Tests show that sorted_vector's element retrieval (find) speed outperforms that of std::set/std::multiset by a factor of 2 (on most machines). On the downward side is the poor performance of sorted_vector's insert member function, because it inserts an element somewhere in the middle of the sorted vector in order to preserve the sort order. By using sorted_vector's low level interface one can solve this performance bottleneck by inserting a bunch of objects using a series of push_back's followed by a call to the member function sort, which restores the sort order.

sorted_vector should be preferred over std::set/std::multiset if many small elements must be stored. Most STL implementations use a variant of a balanced tree to implement set and multiset, which imposes a per element storage overhead of 3 pointers. The most important reason to use a std::set/std::multiset instead of sorted_vector is the need to keep iterators into a set/multiset while inserting more elements into the set. These iterators remain valid in the case of a set/multiset, but are invalidated in the case of a sorted_vector container.

Namespace

sorted_vector resides in the namespace codeproject.

Basic Usage

The following small table shows corresponding declarations of sorted_vector's and set's/multiset's.

STL concept std library sorted_vector
set set<Key,Pred> sorted_vector<Key,true,Pred>
multiset mutliset<Key,Pred> sorted_vector<Key,Pred>

(sorted_vector<Key,Pred,true> means sorted_vector<Key,Pred,bNoDuplicates=true>)

The various set/multiset insert and erase member functions as well as the set/multiset functions count, lower_bound,upper_bound, equal_range are part of sorted_vector's interface and behave the same as there set/multiset counterparts. The following code snippet shows the use of a sorted_vector to hold the set intersection of the content of two std::vector's.

#pragma warning(disable:4786)
#include "sorted_vector.h"
size_t             //build intersection using set interface of sorted_vector
BuildIntersection(  const std::vector<int>& v0,const std::vector<int>& v1,
                    codeproject::sorted_vector<int,true>& svecIntersection)
{		
    codeproject::sorted_vector<int,true> svec(v0.begin(),v0.end());
    for(int i=0;i<v1.size();i++){
        if( svec.find(v1[i])!=svec.end() ){
            svecIntersection.insert(v1[i]);
        }
    }
    return svecIntersection.size();
}

The code example shows the use of the member functions find and insert. If you replace codeproject::sorted_vector<int,true> by std::set<int> you get exactly the same result. This piece of code can be optimized for speed by replacing the insert calls in the loop by calls to push_back of the base container (a vector) followed by a call to the member function sort at the end of the loop.

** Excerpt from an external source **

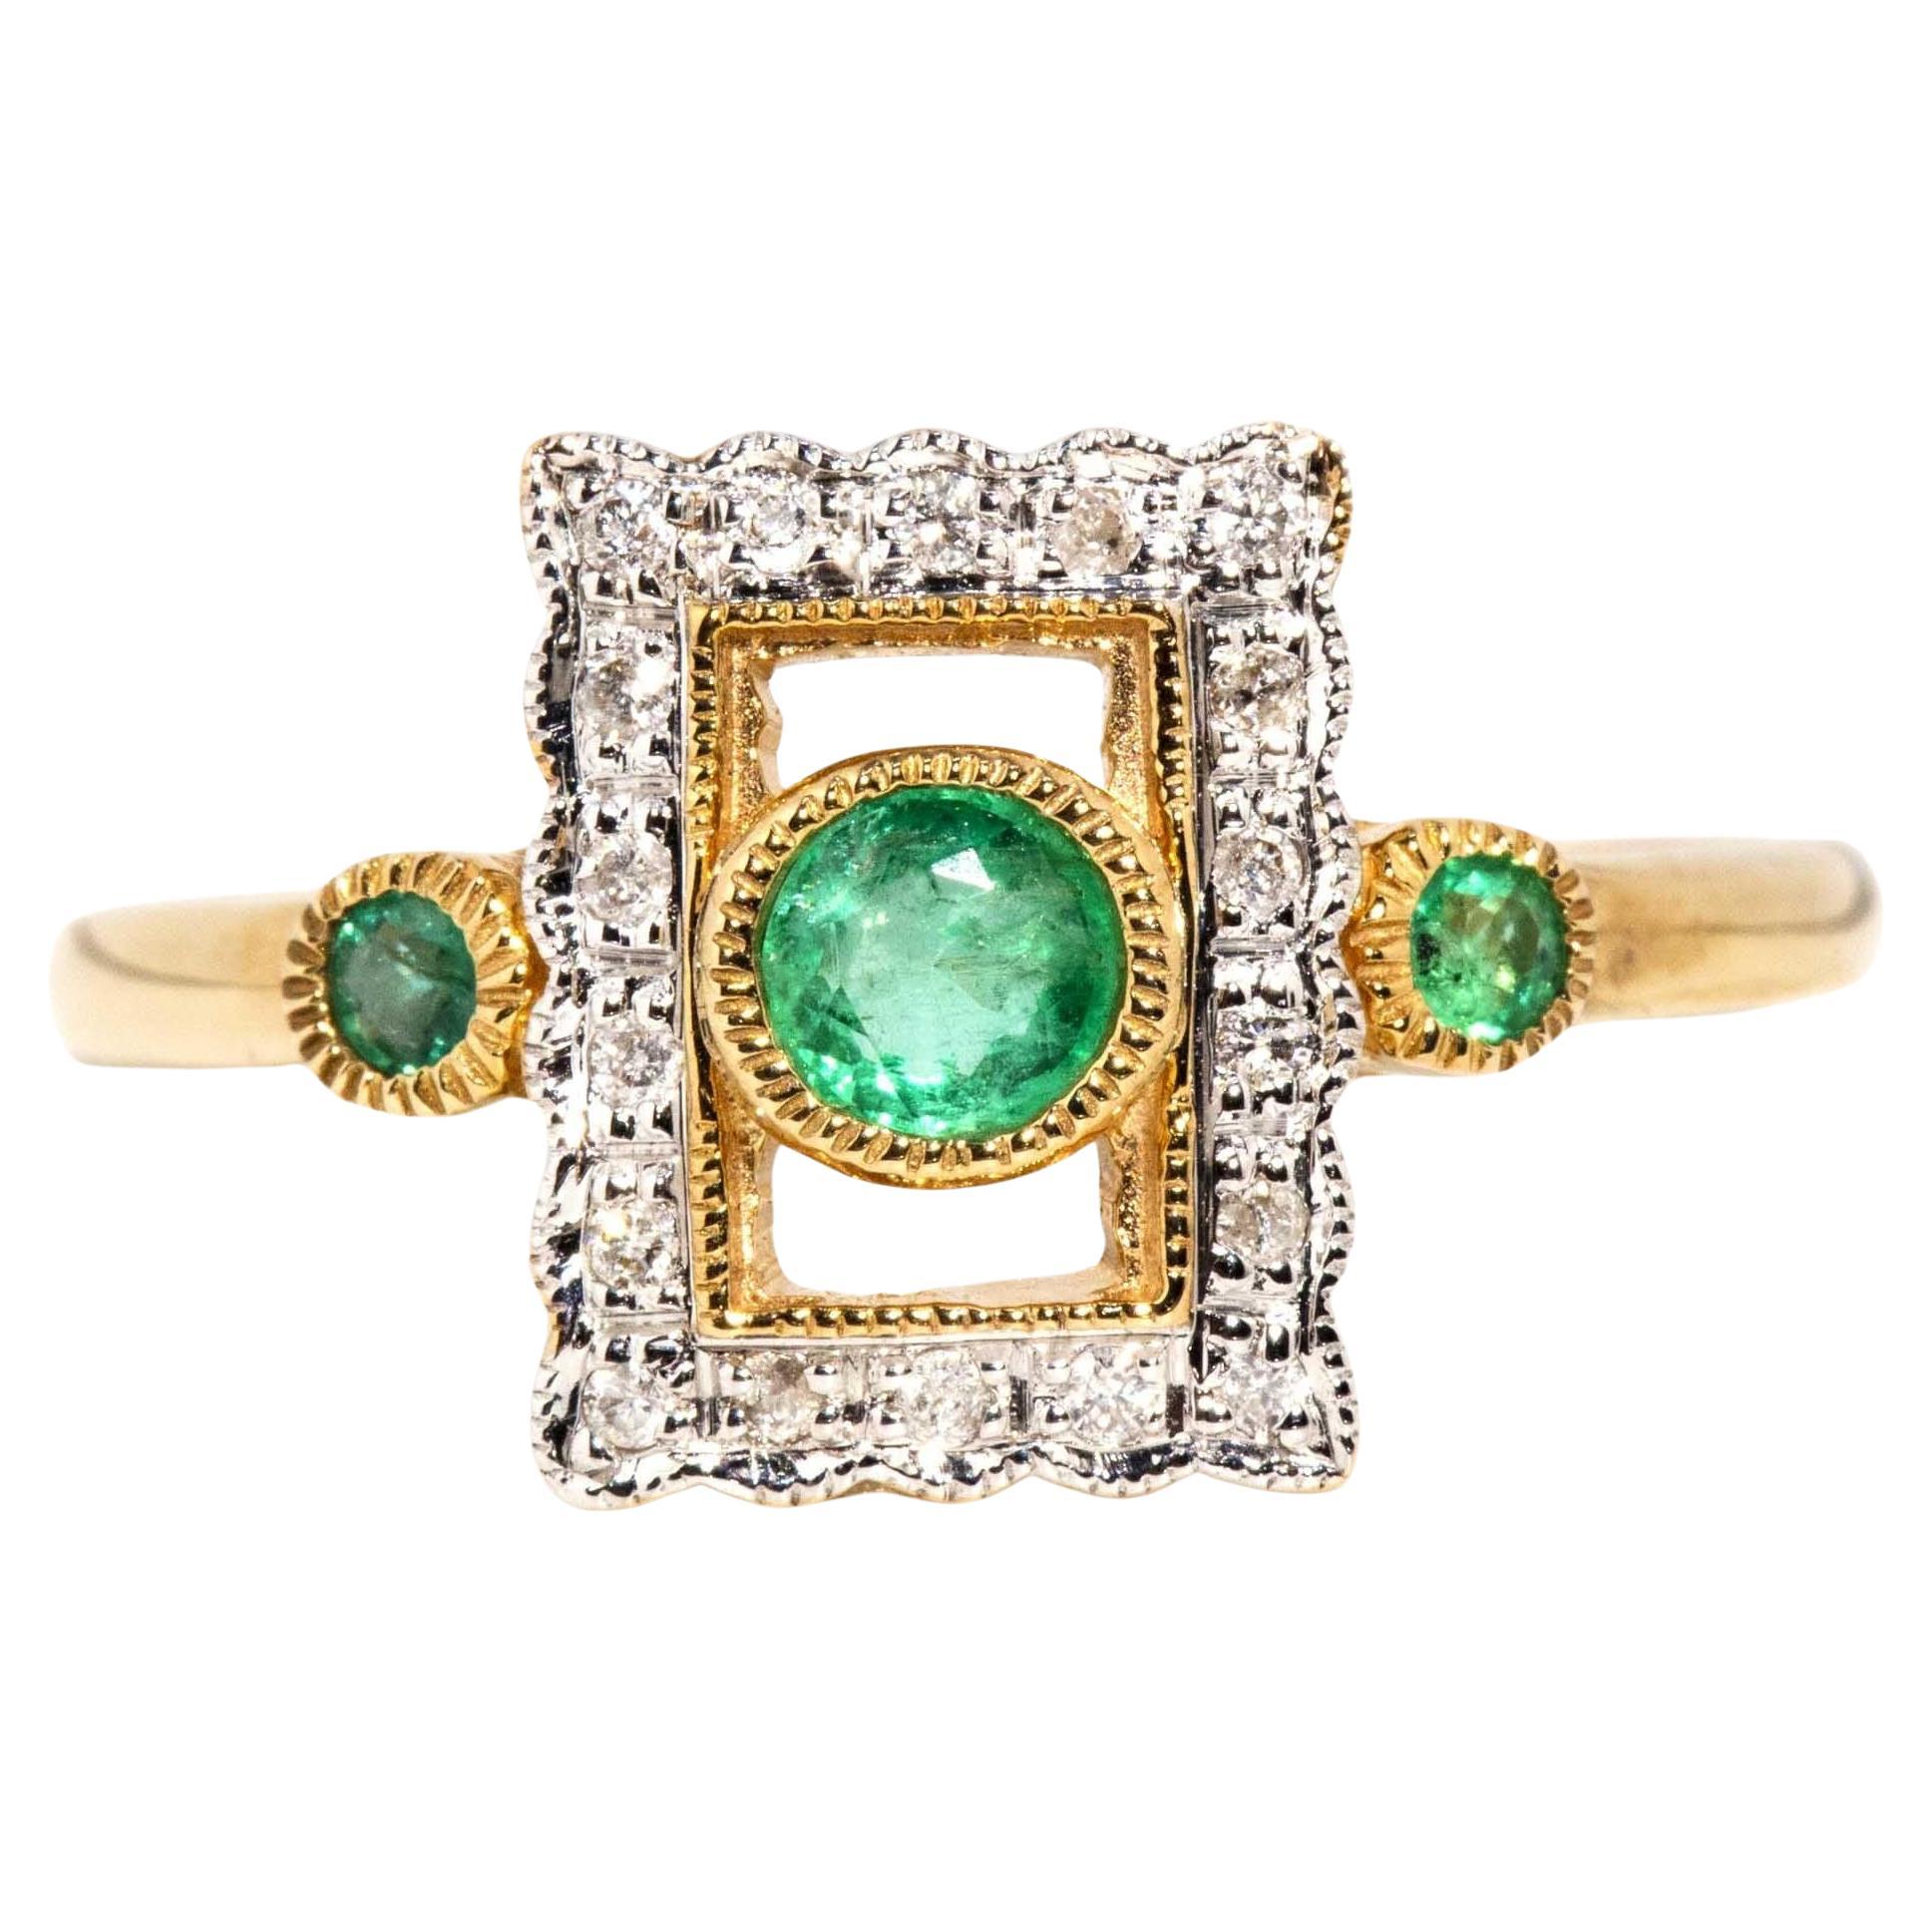 Vintage inspirierter Ring aus 9 Karat Gelbgold mit leuchtend grünem Smaragd und Diamant
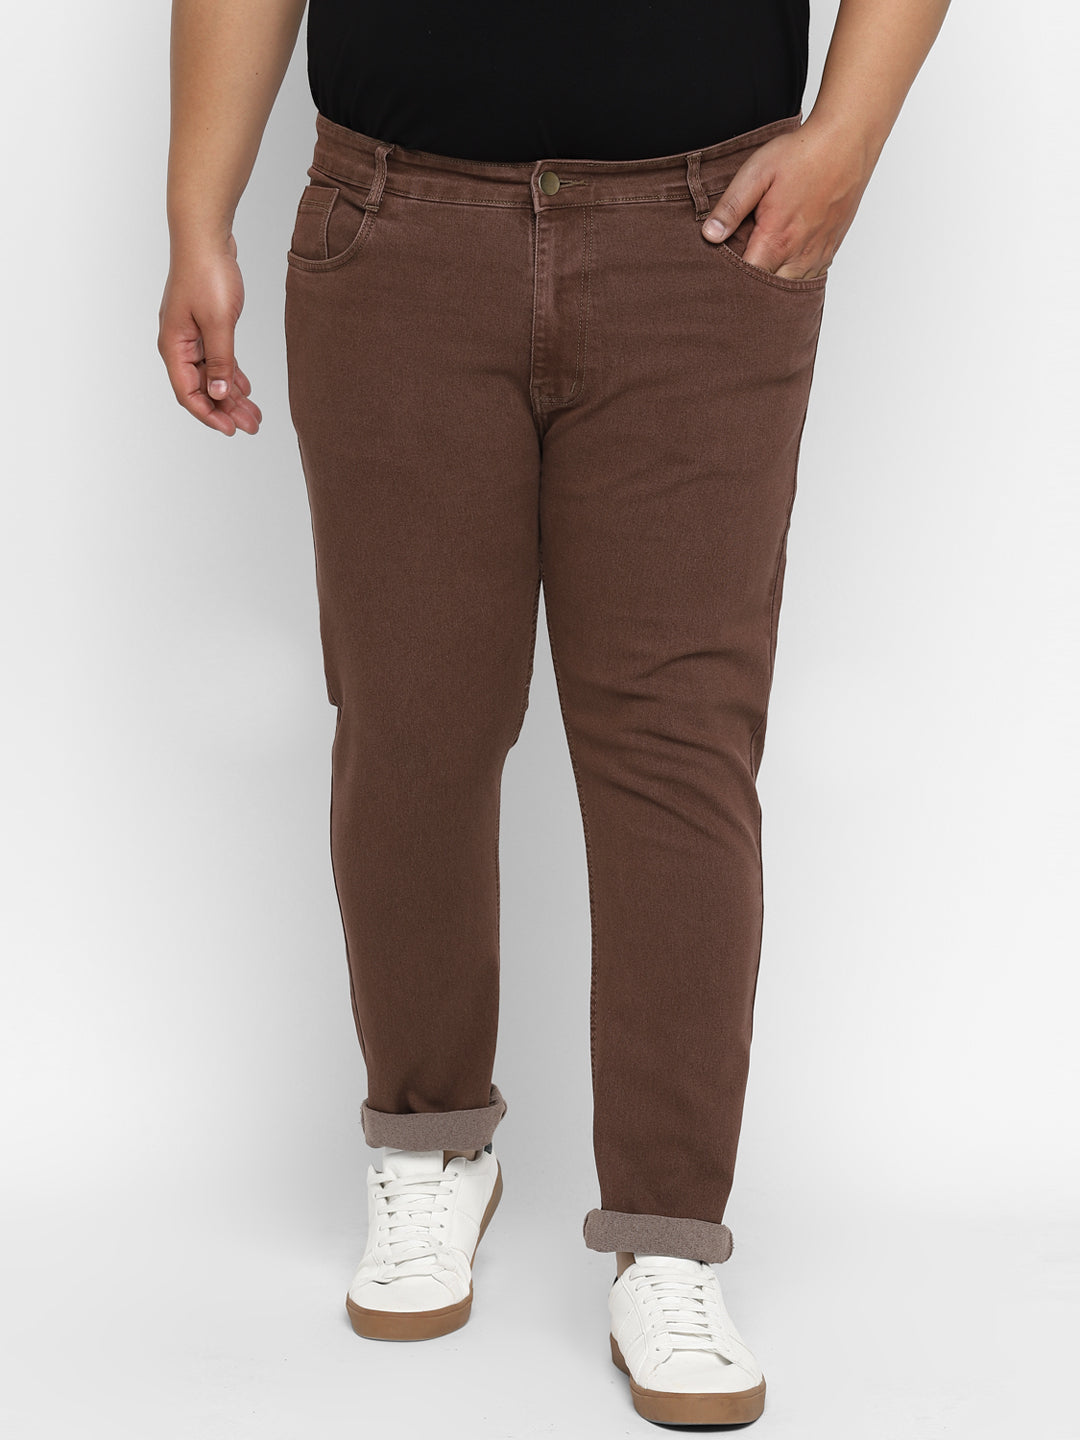 Men's Brown Regular Fit Denim Jeans Stretchable

#pragma warning(disable:4786)
#include "sorted_vector.h"
size_t             //same as previous example, optimized insertions 
BuildIntersection1(  const std::vector<int>& v0,const std::vector<int>& v1,
                    codeproject::sorted_vector<int,true>& svecIntersection)
{		
    codeproject::sorted_vector<int,true> svec(v0.begin(),v0.end());
    codeproject::sorted_vector<int,true>::Cont& vInterSect 
        = svecIntersection.get_container();
    for(int i=0;i<v1.size();i++){
        if( svec.find(v1[i])!=svec.end() ){
            vInterSect.push_back(v1[i]);
        }
    }
    svecIntersection.sort();
    return svecIntersection.size();
}

Interface of sorted_vector

Member Coming from Description
Cont sorted_vector container type, the type of the container used to store the controlled sequence.
value_type vector The type of object, T, stored in the set.
key_type set/multiset The key type associated with value_type.
key_compare set/multiset Function object that compares two keys for ordering.
value_compare set/multiset Function object that compares two values for ordering.
pointer vector Pointer to T.
reference vector Reference to T
const_reference vector Const reference to T
size_type vector An unsigned integral type.
difference_type vector A signed integral type.
iterator vector Random access iterator used to iterate through a vector.
const_iterator vector Random access const iterator used to iterate through a vector
reverse_iterator vector Random access iterator used to iterate backwards through a vector.
const_reverse_iterator vector Random access const iterator used to iterate backwards through a vector.
iterator begin() const vector Returns an iterator pointing to the beginning of the sorted_vector.
iterator end() const vector Returns an iterator pointing to the end of the sorted_vector.
reverse_iterator rbegin() const vector Returns a reverse_iterator pointing to the beginning of the reversed sorted_vector
reverse_iterator rend() const vector Returns a reverse_iterator pointing to the end of the reversed sorted_vector.
size_type size() const vector Returns the size of the sorted_vector.
size_type max_size() const vector Returns the largest possible size of the sorted_vector.
bool empty() const vector true if the sorted_vec's size is 0.
key_compare key_comp() const set/multiset Returns the key_compare object used by the sorted_vector.
value_compare value_comp() const set/multiset Returns the value_compare object used by the sorted_vector.
sorted_vector() set/multiset Creates an empty sorted_vector.
sorted_vector(const key_compare& comp) set/multiset Creates an empty sorted_vector, using comp as the key_compare object.
VC++7.0:
template <class InputIterator><br>sorted_vector(InputIterator f,<br> InputIterator l)

VC++6.0:
sorted_vector(const_iterator f, const_iterator l)
set/multiset Creates a sorted_vector with a copy of a range.
VC++7.0:
template <class InputIterator><br>sorted_vector(InputIterator f,<br>InputIterator l,const key_compare& comp)

VC++6.0:
sorted_vector(const_iterator f, const_iterator l,const key_compare& comp)
set/multiset Creates a sorted_vector with a copy of a range, using comp as the key_compare object.
sorted_vector(const sorted_vector&) set/multiset The copy constructor.
sorted_vector& operator=(const sorted_vector&) set/multiset The assignment operator (assigns other sorted_vector )
sorted_vector& operator=(const Cont&) sorted_vector The assignment operator (assigns other vector<T> )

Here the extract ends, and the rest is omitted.